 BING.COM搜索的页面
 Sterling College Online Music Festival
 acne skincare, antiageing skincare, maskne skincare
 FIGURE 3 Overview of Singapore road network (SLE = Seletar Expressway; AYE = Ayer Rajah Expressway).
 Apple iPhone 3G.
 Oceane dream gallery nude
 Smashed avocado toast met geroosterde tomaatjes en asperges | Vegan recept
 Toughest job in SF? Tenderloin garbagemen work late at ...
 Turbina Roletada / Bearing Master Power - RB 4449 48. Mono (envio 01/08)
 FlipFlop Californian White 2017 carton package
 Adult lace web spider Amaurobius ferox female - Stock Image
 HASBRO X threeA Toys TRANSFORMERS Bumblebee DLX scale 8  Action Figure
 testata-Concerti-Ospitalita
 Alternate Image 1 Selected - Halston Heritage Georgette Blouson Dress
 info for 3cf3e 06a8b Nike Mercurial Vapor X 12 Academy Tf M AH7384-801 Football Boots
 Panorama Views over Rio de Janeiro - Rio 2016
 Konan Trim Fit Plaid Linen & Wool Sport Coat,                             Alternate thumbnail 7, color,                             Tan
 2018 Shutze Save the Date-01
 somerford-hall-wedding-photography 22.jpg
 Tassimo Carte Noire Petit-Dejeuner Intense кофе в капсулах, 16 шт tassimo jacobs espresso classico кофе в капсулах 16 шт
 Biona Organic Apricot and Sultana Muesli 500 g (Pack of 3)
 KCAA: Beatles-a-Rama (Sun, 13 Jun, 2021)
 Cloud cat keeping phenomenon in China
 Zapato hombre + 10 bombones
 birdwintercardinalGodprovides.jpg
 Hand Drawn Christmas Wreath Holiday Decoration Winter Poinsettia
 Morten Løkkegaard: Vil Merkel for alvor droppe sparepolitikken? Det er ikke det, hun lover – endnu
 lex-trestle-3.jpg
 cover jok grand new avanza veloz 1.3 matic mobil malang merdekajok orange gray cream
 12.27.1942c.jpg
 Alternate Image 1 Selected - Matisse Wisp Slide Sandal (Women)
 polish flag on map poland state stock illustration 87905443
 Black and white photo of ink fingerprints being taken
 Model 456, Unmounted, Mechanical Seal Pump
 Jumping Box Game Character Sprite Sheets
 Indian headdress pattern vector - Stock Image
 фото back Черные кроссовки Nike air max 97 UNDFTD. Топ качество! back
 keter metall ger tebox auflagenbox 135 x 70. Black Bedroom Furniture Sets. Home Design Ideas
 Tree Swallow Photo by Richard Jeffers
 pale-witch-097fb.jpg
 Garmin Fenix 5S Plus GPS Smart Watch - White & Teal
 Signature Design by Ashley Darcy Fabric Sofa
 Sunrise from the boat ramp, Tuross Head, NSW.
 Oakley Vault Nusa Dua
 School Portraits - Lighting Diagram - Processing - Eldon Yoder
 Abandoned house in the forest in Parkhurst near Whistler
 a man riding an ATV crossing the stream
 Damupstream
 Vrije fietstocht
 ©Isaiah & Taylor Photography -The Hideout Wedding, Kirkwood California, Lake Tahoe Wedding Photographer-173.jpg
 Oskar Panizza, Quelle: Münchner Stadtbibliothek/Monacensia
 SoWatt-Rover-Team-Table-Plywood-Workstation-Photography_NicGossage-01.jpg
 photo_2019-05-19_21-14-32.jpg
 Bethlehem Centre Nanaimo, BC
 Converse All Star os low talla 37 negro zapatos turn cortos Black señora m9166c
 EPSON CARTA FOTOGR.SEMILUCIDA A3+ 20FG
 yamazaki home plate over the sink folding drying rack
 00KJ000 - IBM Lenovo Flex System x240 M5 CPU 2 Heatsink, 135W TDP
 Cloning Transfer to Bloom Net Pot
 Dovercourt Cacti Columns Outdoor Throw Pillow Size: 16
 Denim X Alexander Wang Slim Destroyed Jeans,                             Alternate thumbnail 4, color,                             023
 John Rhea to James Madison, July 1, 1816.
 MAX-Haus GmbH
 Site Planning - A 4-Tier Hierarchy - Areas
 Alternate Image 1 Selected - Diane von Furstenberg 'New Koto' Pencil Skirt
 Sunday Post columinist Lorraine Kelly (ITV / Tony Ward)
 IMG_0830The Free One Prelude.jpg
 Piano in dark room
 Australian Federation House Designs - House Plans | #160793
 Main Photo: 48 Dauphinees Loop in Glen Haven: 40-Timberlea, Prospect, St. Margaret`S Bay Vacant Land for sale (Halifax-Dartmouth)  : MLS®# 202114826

PROBLEM DESCRIPTION → Transcribe each record above exactly. Skip none.

RESPONSE BOX →
 BING.COM搜索的页面
 Sterling College Online Music Festival
 acne skincare, antiageing skincare, maskne skincare
 FIGURE 3 Overview of Singapore road network (SLE = Seletar Expressway; AYE = Ayer Rajah Expressway).
 Apple iPhone 3G.
 Oceane dream gallery nude
 Smashed avocado toast met geroosterde tomaatjes en asperges | Vegan recept
 Toughest job in SF? Tenderloin garbagemen work late at ...
 Turbina Roletada / Bearing Master Power - RB 4449 48. Mono (envio 01/08)
 FlipFlop Californian White 2017 carton package
 Adult lace web spider Amaurobius ferox female - Stock Image
 HASBRO X threeA Toys TRANSFORMERS Bumblebee DLX scale 8  Action Figure
 testata-Concerti-Ospitalita
 Alternate Image 1 Selected - Halston Heritage Georgette Blouson Dress
 info for 3cf3e 06a8b Nike Mercurial Vapor X 12 Academy Tf M AH7384-801 Football Boots
 Panorama Views over Rio de Janeiro - Rio 2016
 Konan Trim Fit Plaid Linen & Wool Sport Coat,                             Alternate thumbnail 7, color,                             Tan
 2018 Shutze Save the Date-01
 somerford-hall-wedding-photography 22.jpg
 Tassimo Carte Noire Petit-Dejeuner Intense кофе в капсулах, 16 шт tassimo jacobs espresso classico кофе в капсулах 16 шт
 Biona Organic Apricot and Sultana Muesli 500 g (Pack of 3)
 KCAA: Beatles-a-Rama (Sun, 13 Jun, 2021)
 Cloud cat keeping phenomenon in China
 Zapato hombre + 10 bombones
 birdwintercardinalGodprovides.jpg
 Hand Drawn Christmas Wreath Holiday Decoration Winter Poinsettia
 Morten Løkkegaard: Vil Merkel for alvor droppe sparepolitikken? Det er ikke det, hun lover – endnu
 lex-trestle-3.jpg
 cover jok grand new avanza veloz 1.3 matic mobil malang merdekajok orange gray cream
 12.27.1942c.jpg
 Alternate Image 1 Selected - Matisse Wisp Slide Sandal (Women)
 polish flag on map poland state stock illustration 87905443
 Black and white photo of ink fingerprints being taken
 Model 456, Unmounted, Mechanical Seal Pump
 Jumping Box Game Character Sprite Sheets
 Indian headdress pattern vector - Stock Image
 фото back Черные кроссовки Nike air max 97 UNDFTD. Топ качество! back
 keter metall ger tebox auflagenbox 135 x 70. Black Bedroom Furniture Sets. Home Design Ideas
 Tree Swallow Photo by Richard Jeffers
 pale-witch-097fb.jpg
 Garmin Fenix 5S Plus GPS Smart Watch - White & Teal
 Signature Design by Ashley Darcy Fabric Sofa
 Sunrise from the boat ramp, Tuross Head, NSW.
 Oakley Vault Nusa Dua
 School Portraits - Lighting Diagram - Processing - Eldon Yoder
 Abandoned house in the forest in Parkhurst near Whistler
 a man riding an ATV crossing the stream
 Damupstream
 Vrije fietstocht
 ©Isaiah & Taylor Photography -The Hideout Wedding, Kirkwood California, Lake Tahoe Wedding Photographer-173.jpg
 Oskar Panizza, Quelle: Münchner Stadtbibliothek/Monacensia
 SoWatt-Rover-Team-Table-Plywood-Workstation-Photography_NicGossage-01.jpg
 photo_2019-05-19_21-14-32.jpg
 Bethlehem Centre Nanaimo, BC
 Converse All Star os low talla 37 negro zapatos turn cortos Black señora m9166c
 EPSON CARTA FOTOGR.SEMILUCIDA A3+ 20FG
 yamazaki home plate over the sink folding drying rack
 00KJ000 - IBM Lenovo Flex System x240 M5 CPU 2 Heatsink, 135W TDP
 Cloning Transfer to Bloom Net Pot
 Dovercourt Cacti Columns Outdoor Throw Pillow Size: 16
 Denim X Alexander Wang Slim Destroyed Jeans,                             Alternate thumbnail 4, color,                             023
 John Rhea to James Madison, July 1, 1816.
 MAX-Haus GmbH
 Site Planning - A 4-Tier Hierarchy - Areas
 Alternate Image 1 Selected - Diane von Furstenberg 'New Koto' Pencil Skirt
 Sunday Post columinist Lorraine Kelly (ITV / Tony Ward)
 IMG_0830The Free One Prelude.jpg
 Piano in dark room
 Australian Federation House Designs - House Plans | #160793
 Main Photo: 48 Dauphinees Loop in Glen Haven: 40-Timberlea, Prospect, St. Margaret`S Bay Vacant Land for sale (Halifax-Dartmouth)  : MLS®# 202114826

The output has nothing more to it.